Leaving the pictures aside, restate all of the data exactly.

## Recorded information
+-------+
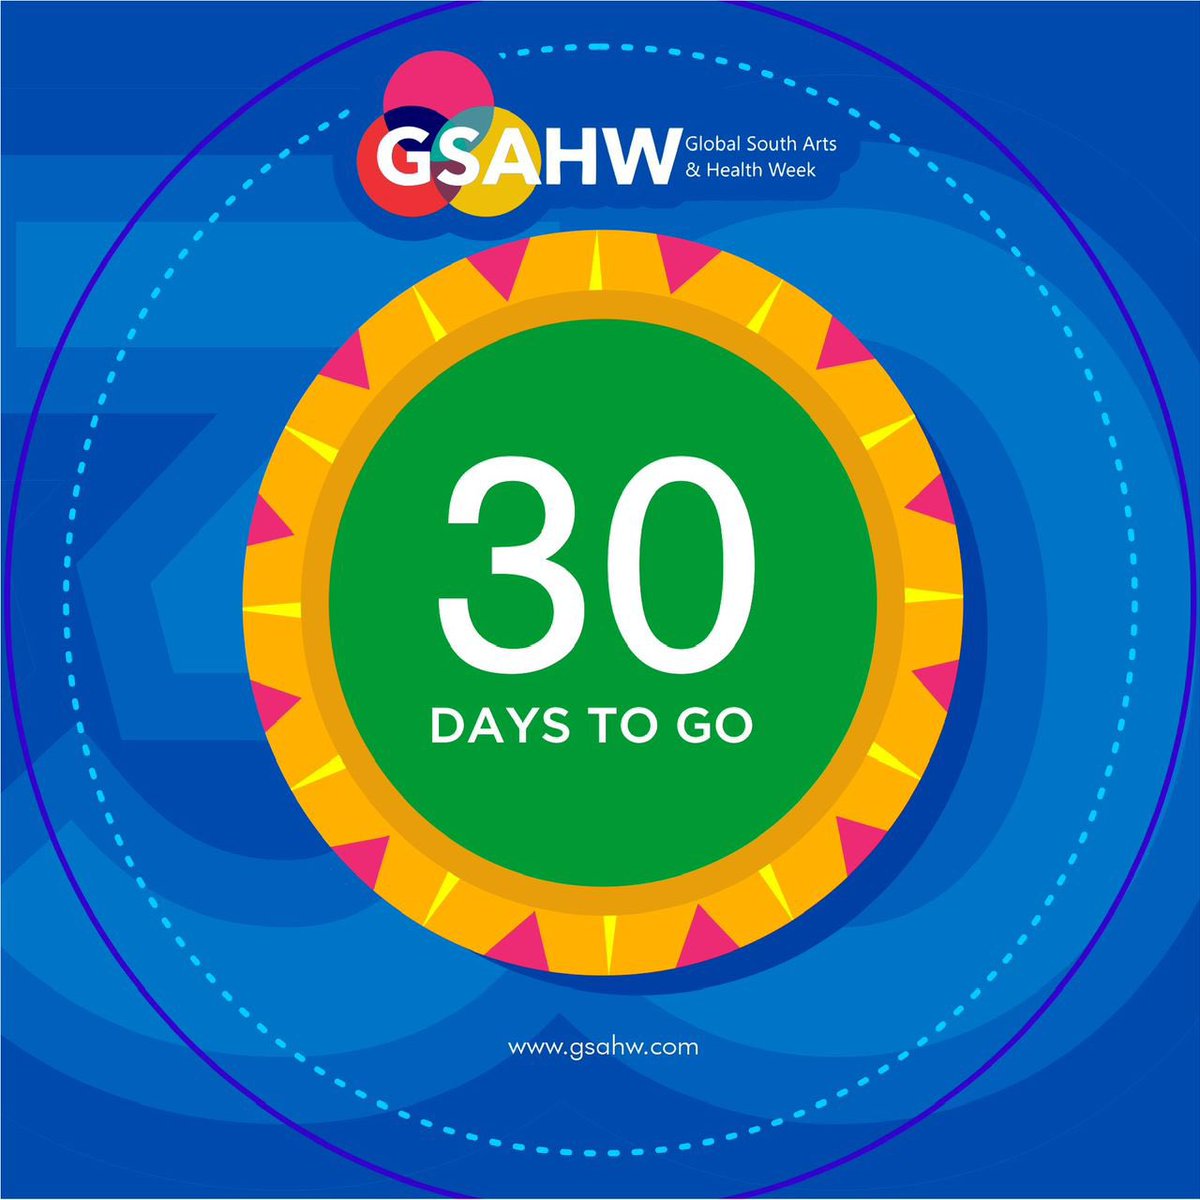 We are excited and looking forward to the maiden edition of the Global South Arts & Health Week which is in 30 days' time. #CountdowntoGSAHW #30DaysToGo #ArtsinHealth #Africa #Asia #LatinAmerica #GlobalSouthArtsandHealthWeek
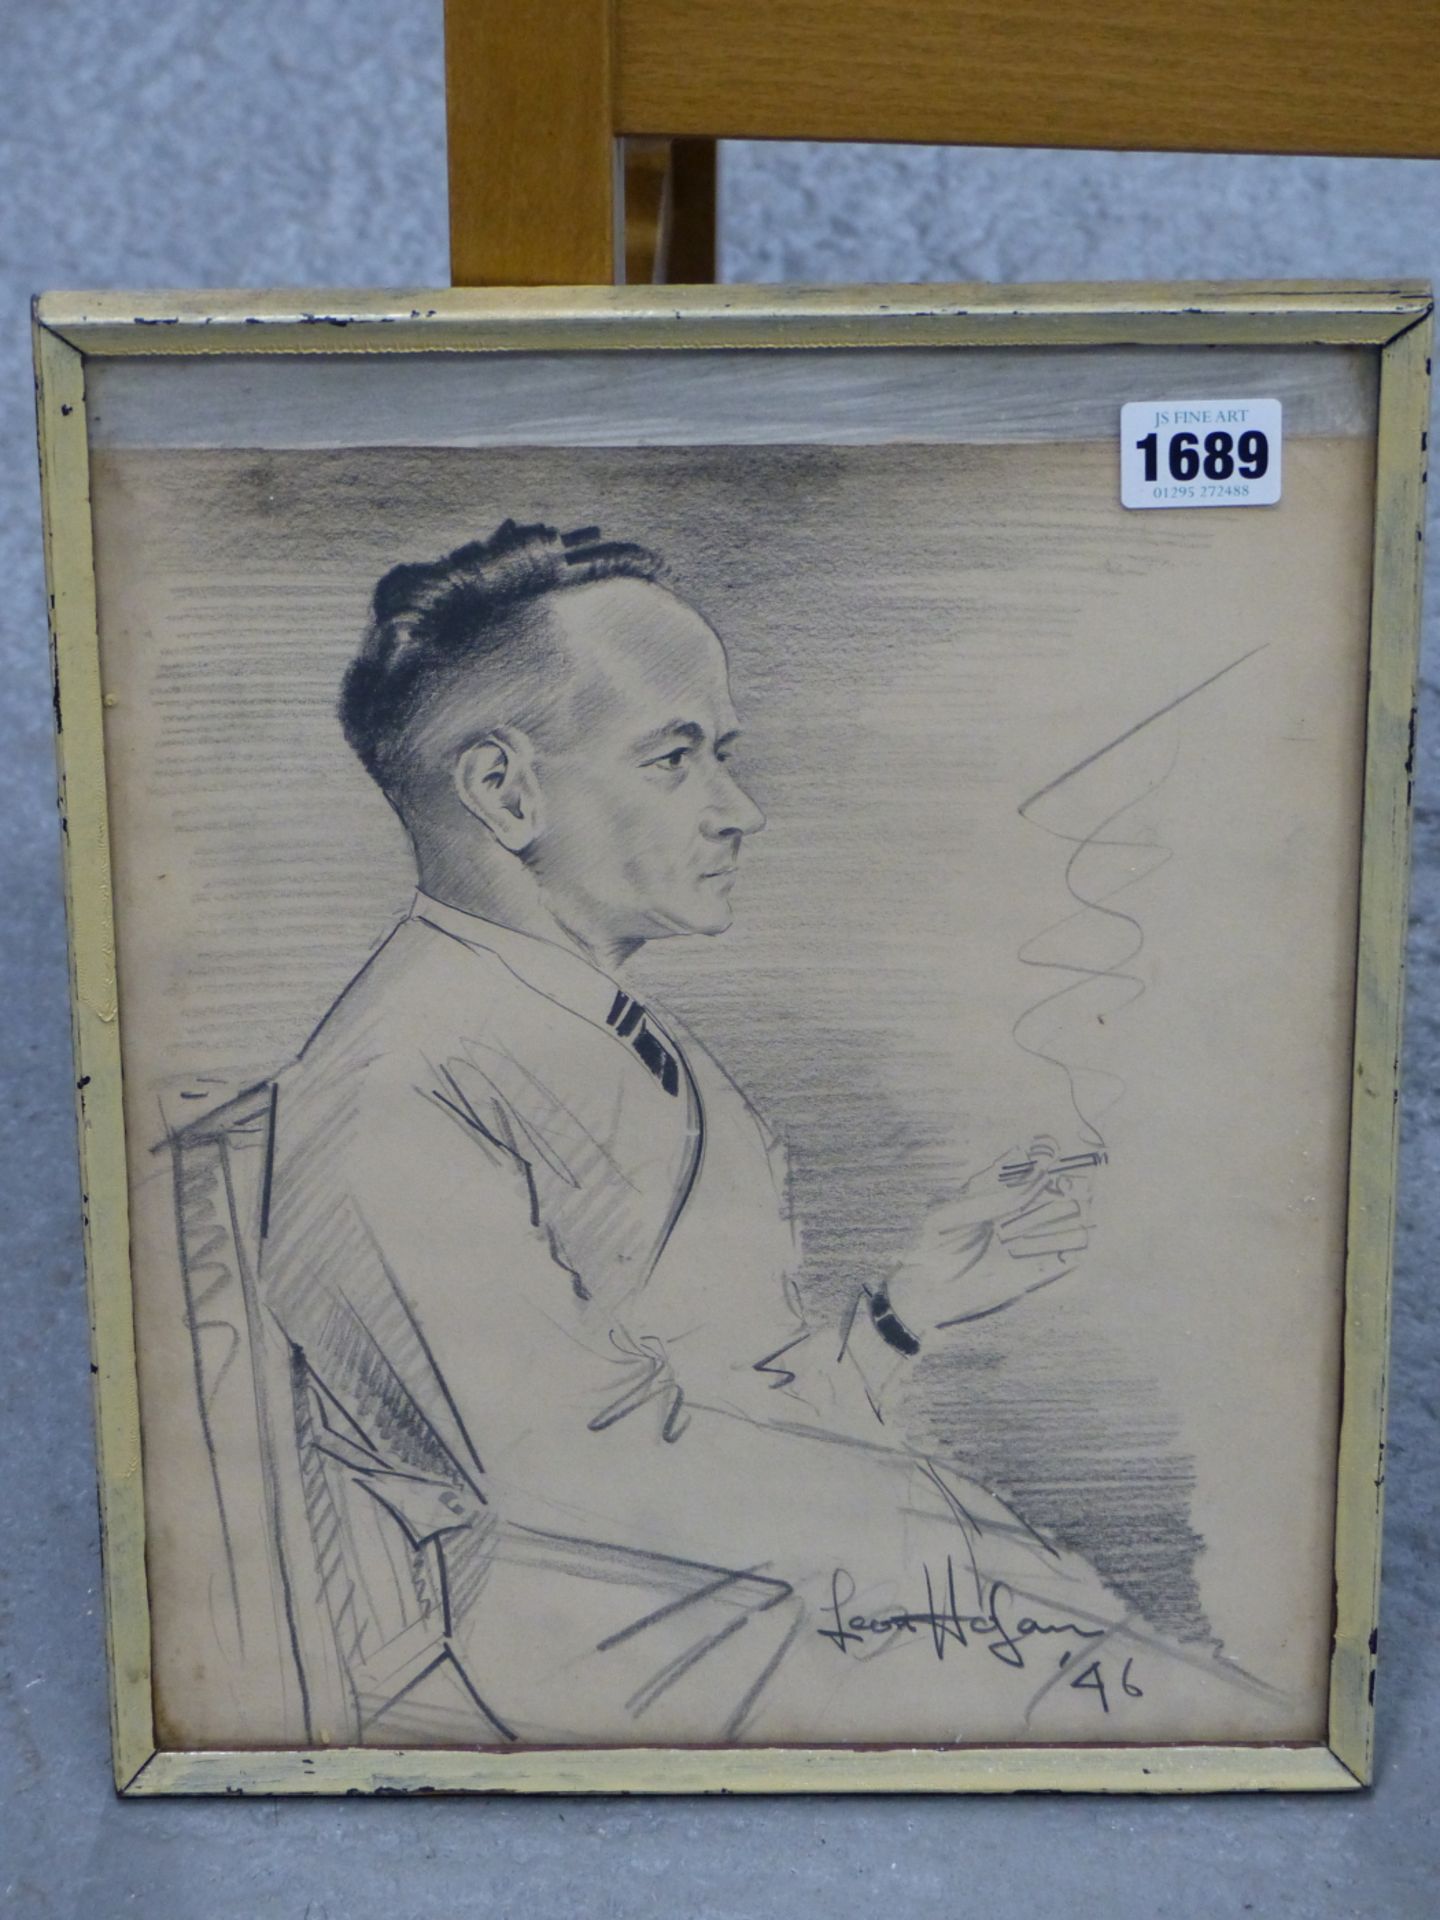 LEON HOGAN? MID 20TH CENTURY. STUDY OF A GENTLEMAN SMOKING. GRAPHITE PENCIL. SIGNED AND DATED '46. - Image 2 of 3
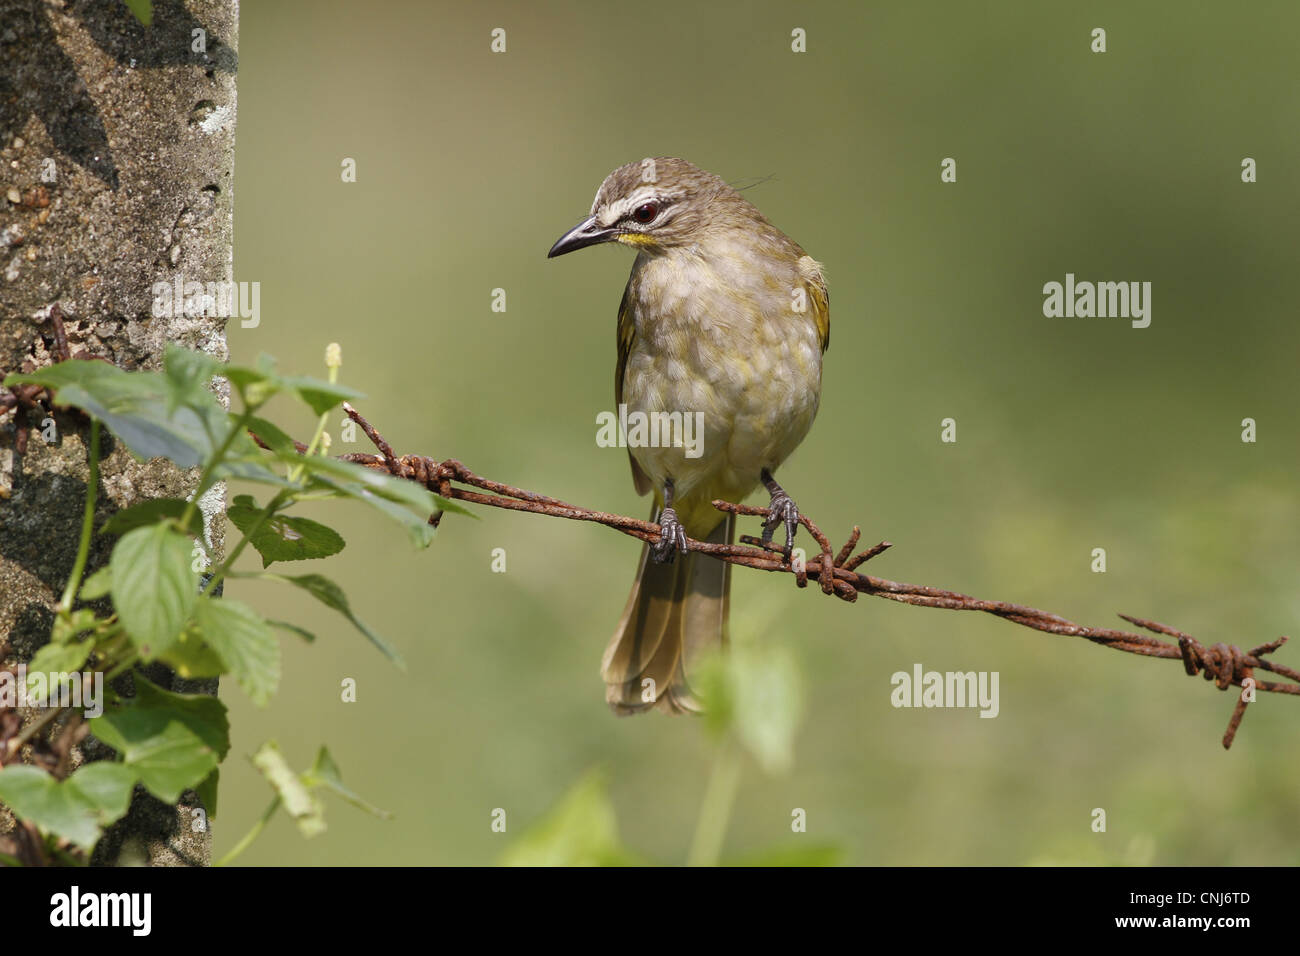 White-browed Bulbul (Pycnonotus luteolus) adult, perched on barbed wire fence, Sri Lanka Stock Photo
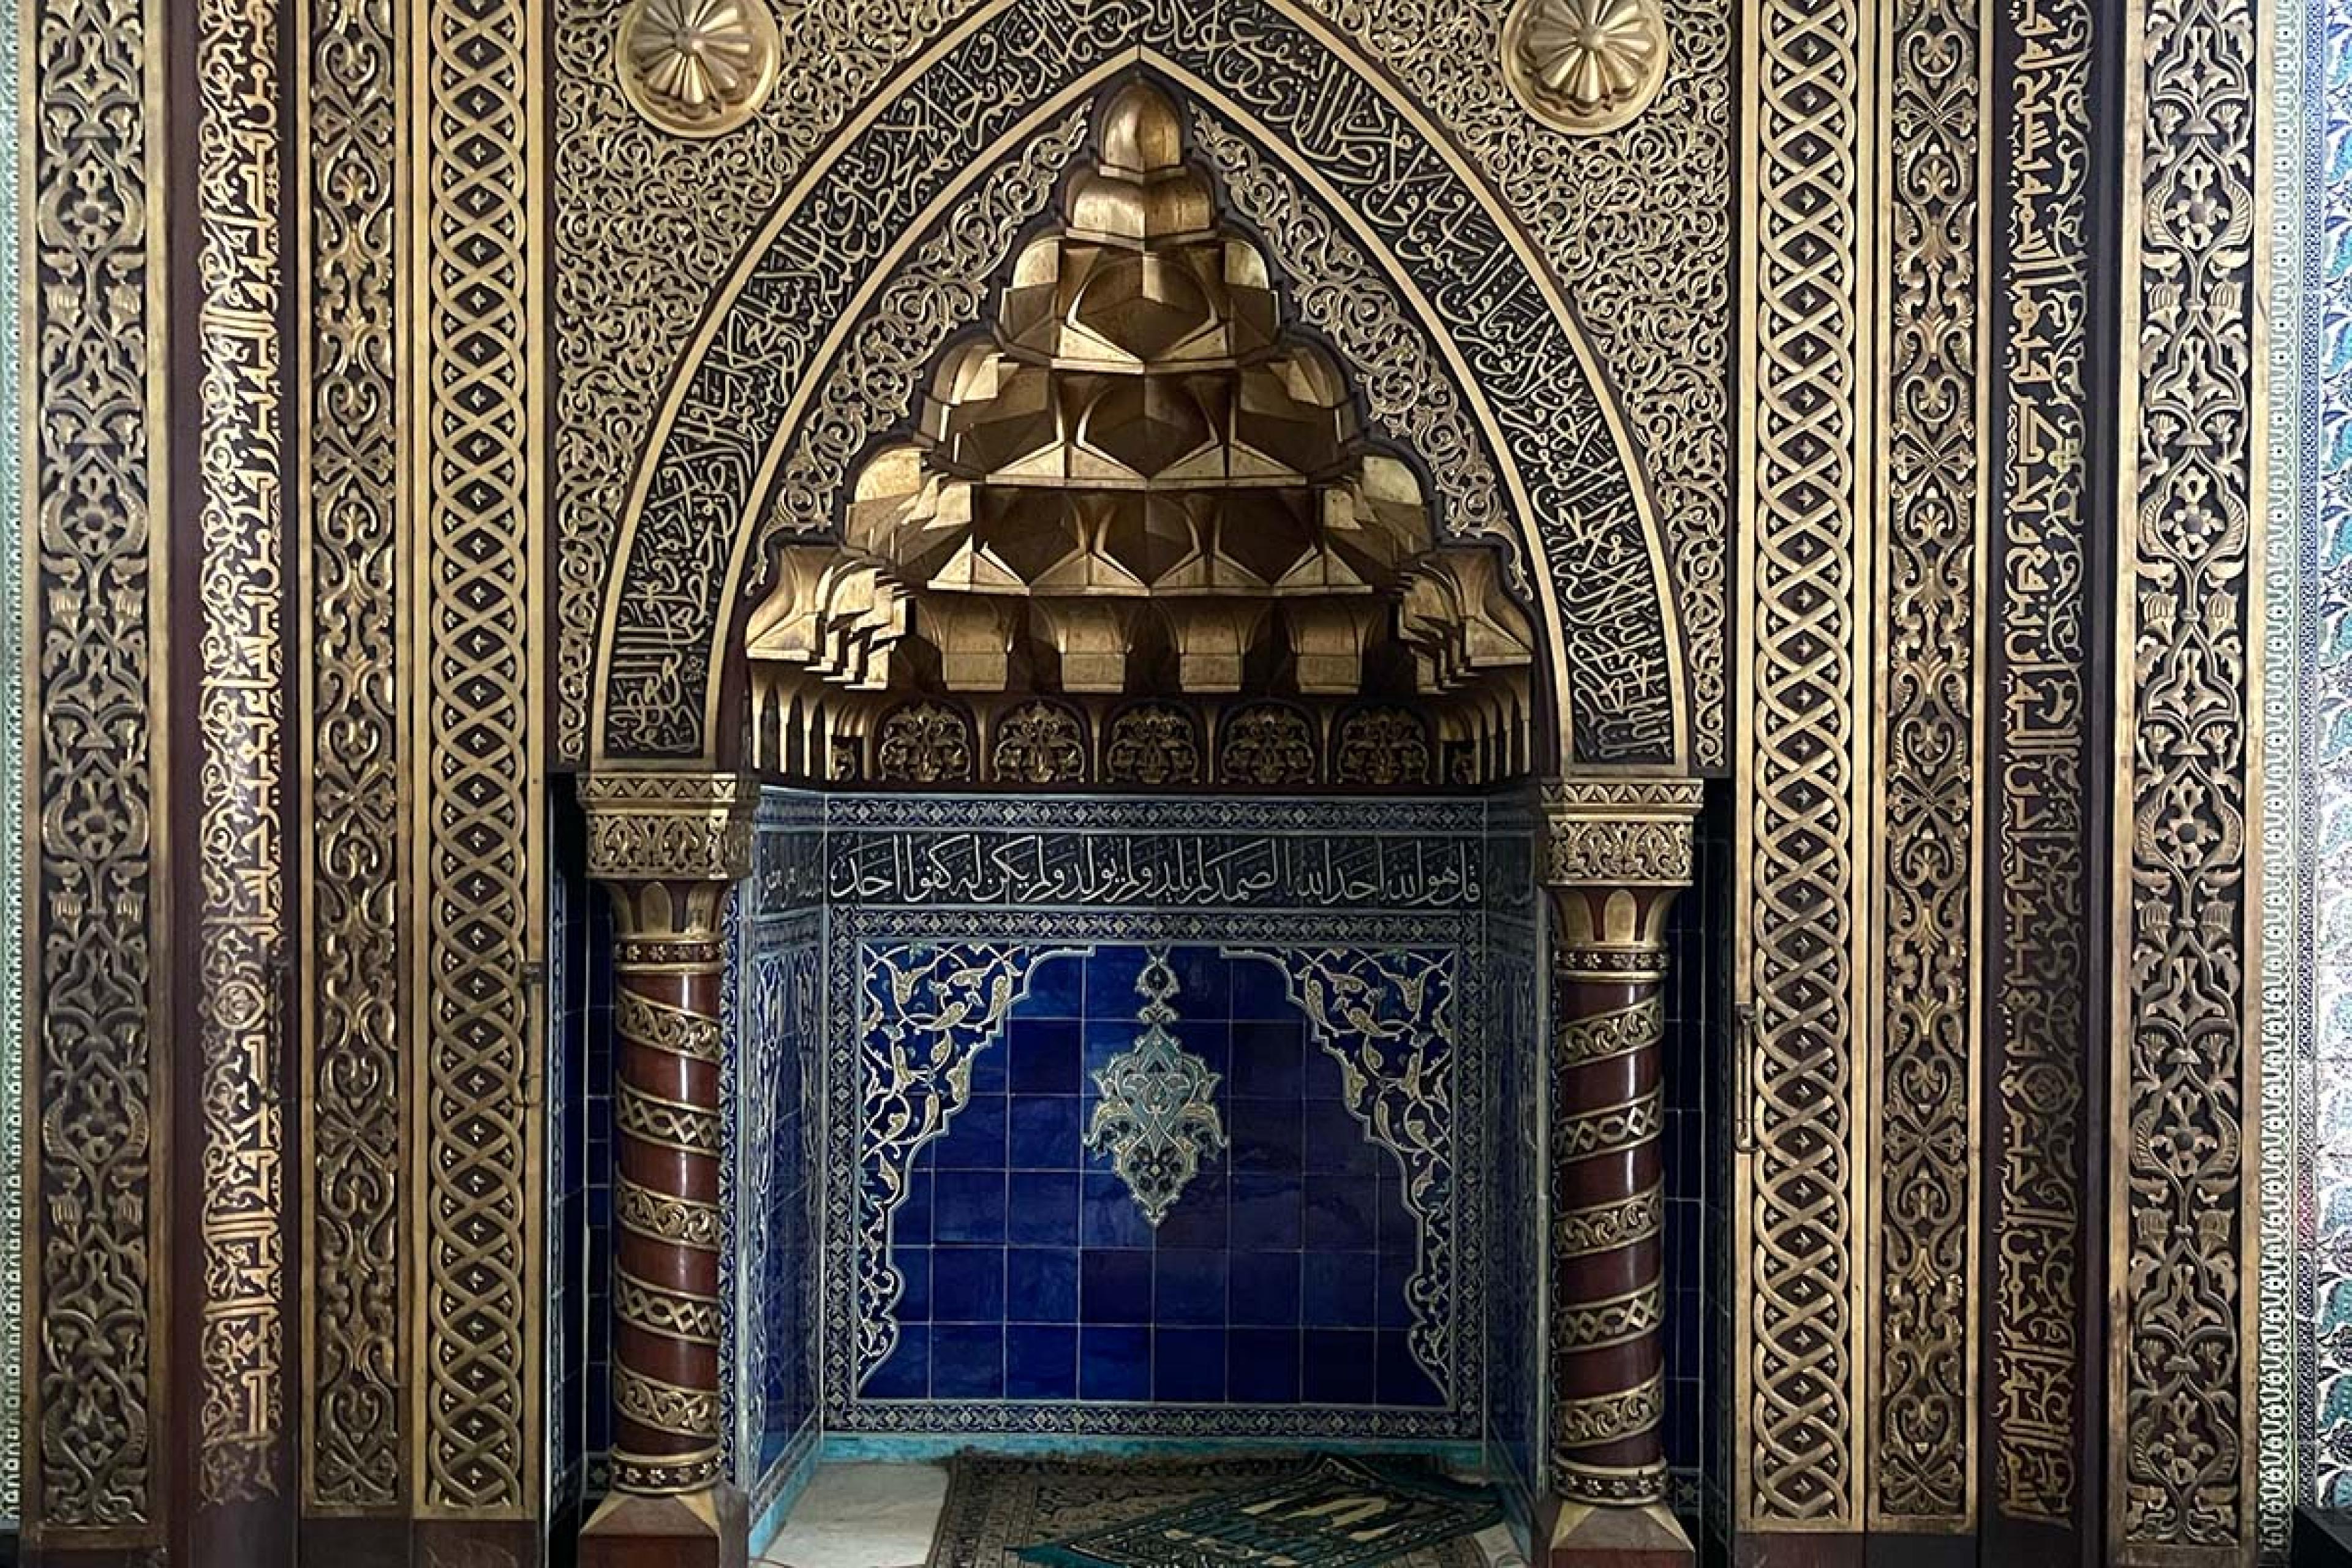 ornate golden pointed archway with blue tiles in the middle
+-------+
## Answer for the task
 We are excited and looking forward to the maiden edition of the Global South Arts & Health Week which is in 30 days' time. #CountdowntoGSAHW #30DaysToGo #ArtsinHealth #Africa #Asia #LatinAmerica #GlobalSouthArtsandHealthWeek
 LEON HOGAN? MID 20TH CENTURY. STUDY OF A GENTLEMAN SMOKING. GRAPHITE PENCIL. SIGNED AND DATED '46. - Image 2 of 3
 White-browed Bulbul (Pycnonotus luteolus) adult, perched on barbed wire fence, Sri Lanka Stock Photo
 ornate golden pointed archway with blue tiles in the middle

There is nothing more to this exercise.